The E. Leclerc superstore was a welcome sight as we approached the town, but our sights were first set on finding a Cafe and Patisserie. We jumped off of the rail trail, and followed our noses to the town centre; there was Mike, outside the Cafe smoking a roll up, sipping on a coffee. Our first stop was the Patisserie; Pain au Chocalat and pastries in hand, we then crossed the road to the cafe. We ordered the largest coffee cups they had, which are still only a USA espresso size, but that is enough if you have ever experienced the strength of French coffee - you can stand a spoon up it in!. Just what the doctor ordered though!. It was a busy little cafe, perhaps the only one in town, there even were a couple of locals drinking Stella Artois (it was 7.30am) - it's Five O'clock somewhere though right :).

Neufchatel-en-Bray town centre

Mike was splitting from the Avenue Verte route at this point, he was heading towards the East side of Paris as he made his way towards Germany; so we wished each other the best of luck and said our goodbyes. John aka the Kebab Kid really wanted to hunt down some kind of cover for his saddle, he was not sure his butt could take another 40 miles without something. We set off back towards E. Leclerc, which happened to be right next to the trail. Amazingly the superstore was open (a rarity in rural France at 7.30am in the morning, in fact a rarity even at Noon often), but even more surprising was that they sold Gel Seat covers. The Kebab Kid was a happy boy, not only did he have a new seat cover, but also several bottles of French red wine, cured meat, and gooey cheese - all the essentials basically for a bicycle tour through the French countryside.
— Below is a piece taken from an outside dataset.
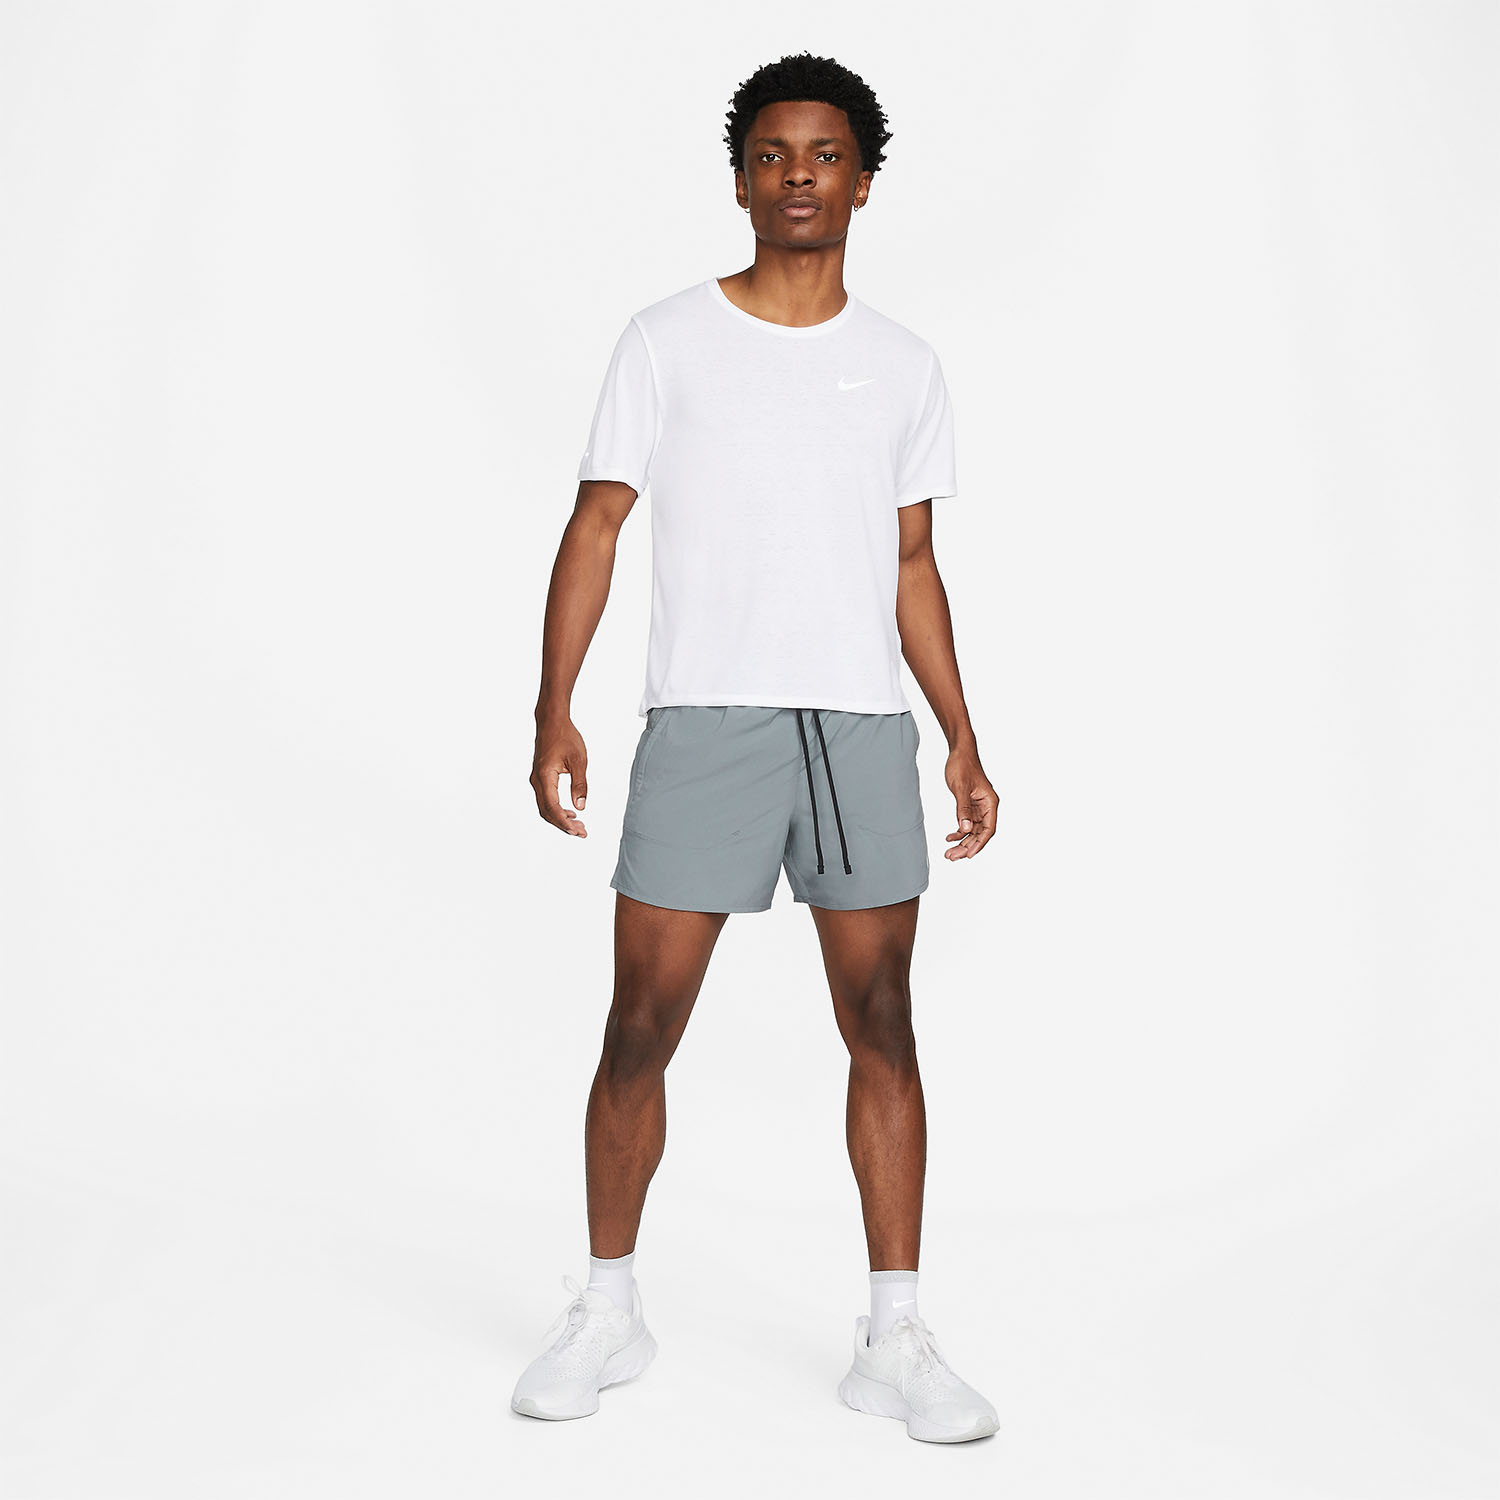 Nike Dri-FIT Stride 5in Shorts - Smoke Grey/Black/Reflective Silver

Our average pace so far on Day 3 had been higher than previous days, perhaps more like 12mph, so we were slightly worried that we would arrive at our B&B way too early. Our journey along the wonderful paved trail ended at around mileage 36 (from Dieppe), at the town of Forges-les-Eaux. Little did we know though, that after the paved rail trail ends, the route would take us through the rolling hills of Pays de Bray. 
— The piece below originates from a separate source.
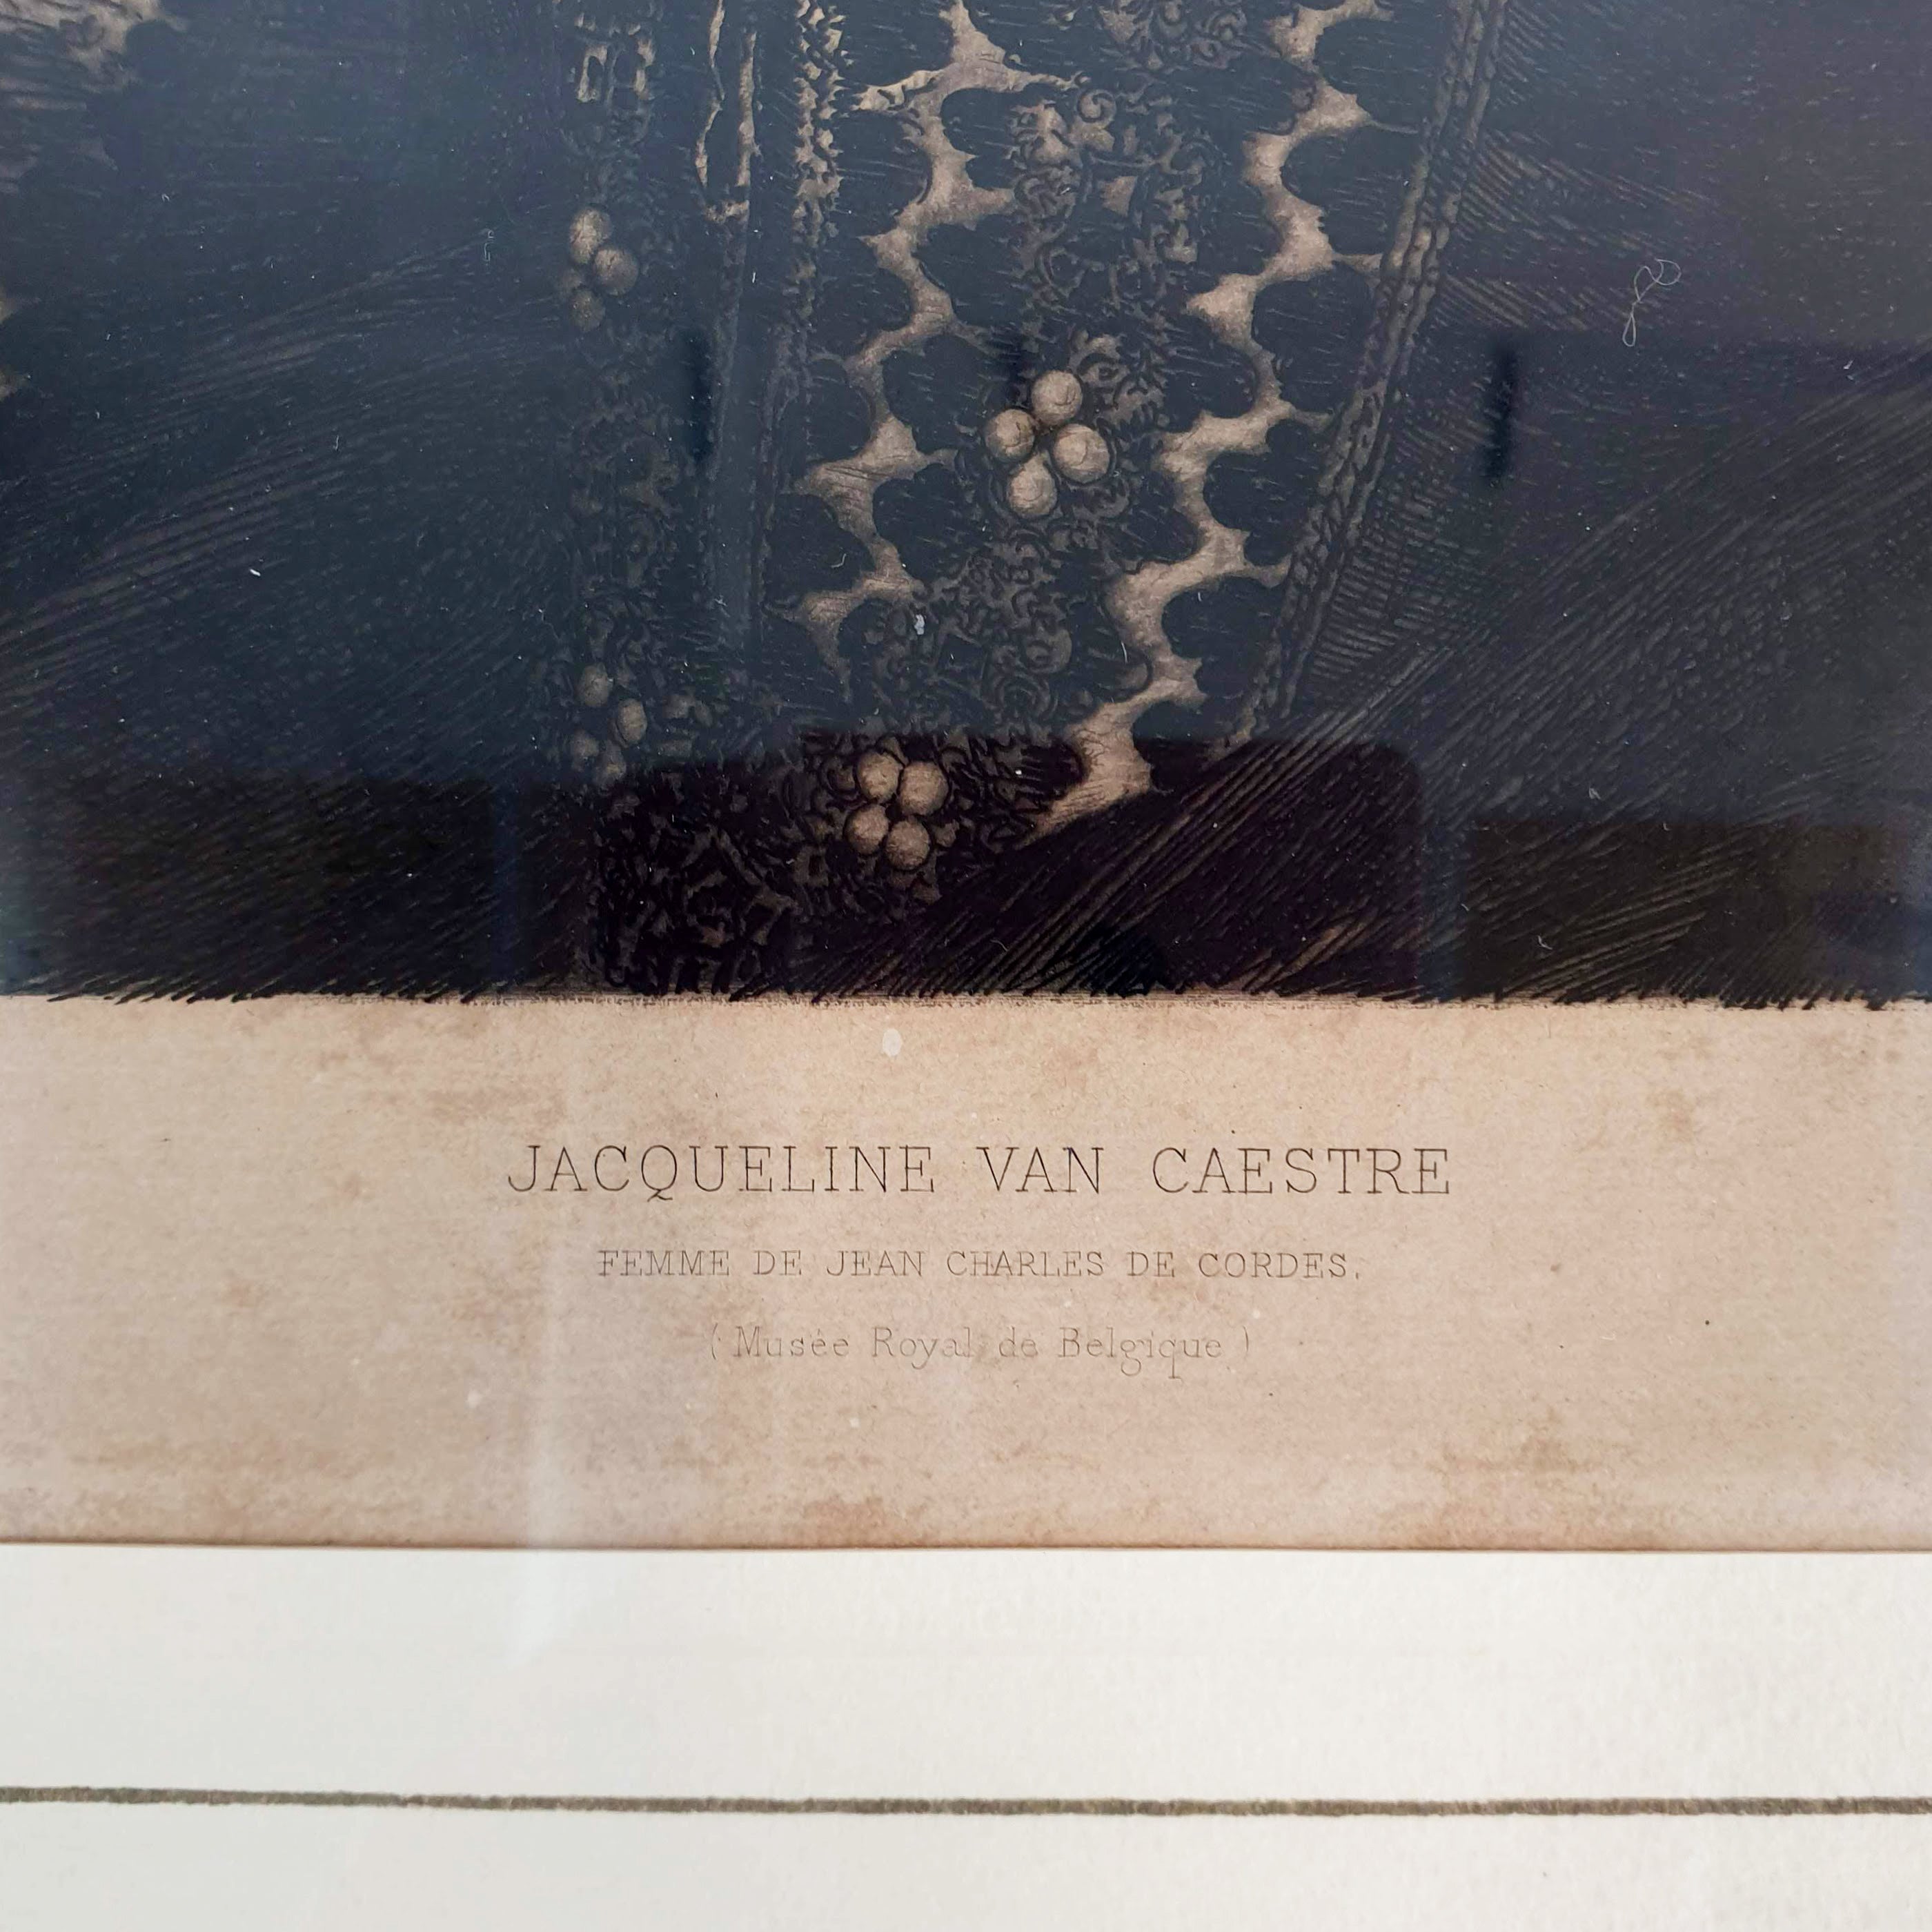 Antique print of Jacqueline Van Caestre by P.P. Rubens

Wisteria in Forges-les-Eaux

The next town of any size would come at around mileage 54 for the day, the town of Gournay-en-Bray would be our stopping point for a late lunch. 18 miles of moderately hilly minor rural roads took its toll though, our average pace dropped again, and it would take us 2.5 hours to get from Forges-les-Eaux to Gournay, or 4 hours since our breakfast stop at Neufchatel. The scenery was very pleasant though, rolling farm land and the occasional small village. The town of Gournay-en-Bray took quite a beating during WW2, and much of it has been re-built; the centre of town was attractive though, and we found a nice Bistro still serving up food.

Our destination for the night was Les Chambres De L'Abbaye in Saint-Germer-de-Fly, it is only a further 9 miles from Gournay, but with a couple of hills thrown in for good measure. St-Germer-de-Fly is a small village built up around a Benedictine Abbey, the Abbey was founded in the 7th Century, but destroyed and re-built in the 12th century.

12th Century Benedictine Abbey

Les Chambres De L'Abbaye

Our B&B for the night was an amazing experience, the hosts made us feel exceptionally welcome, and it felt more like we were VIP guests staying in their home. Monsieur was an exceptional Artist, and his work hung all over the house; and Madame was an exceptional cook. We had opted to pay extra and have dinner prepared for us at the B&B, we were certainly not expecting a 5 course meal though that included Aperitifs and bottomless red wine. The dining room walls was adorned with Monsieur's artwork, which primarily were nudes, not something you would see in England or the USA in a B&B - ooh la la!.

We slept VERY well having only had 2 hours sleep in the past 24 hours, cycled 62 miles, and had oodles of fine French cuisine and wine. Bonsoir!.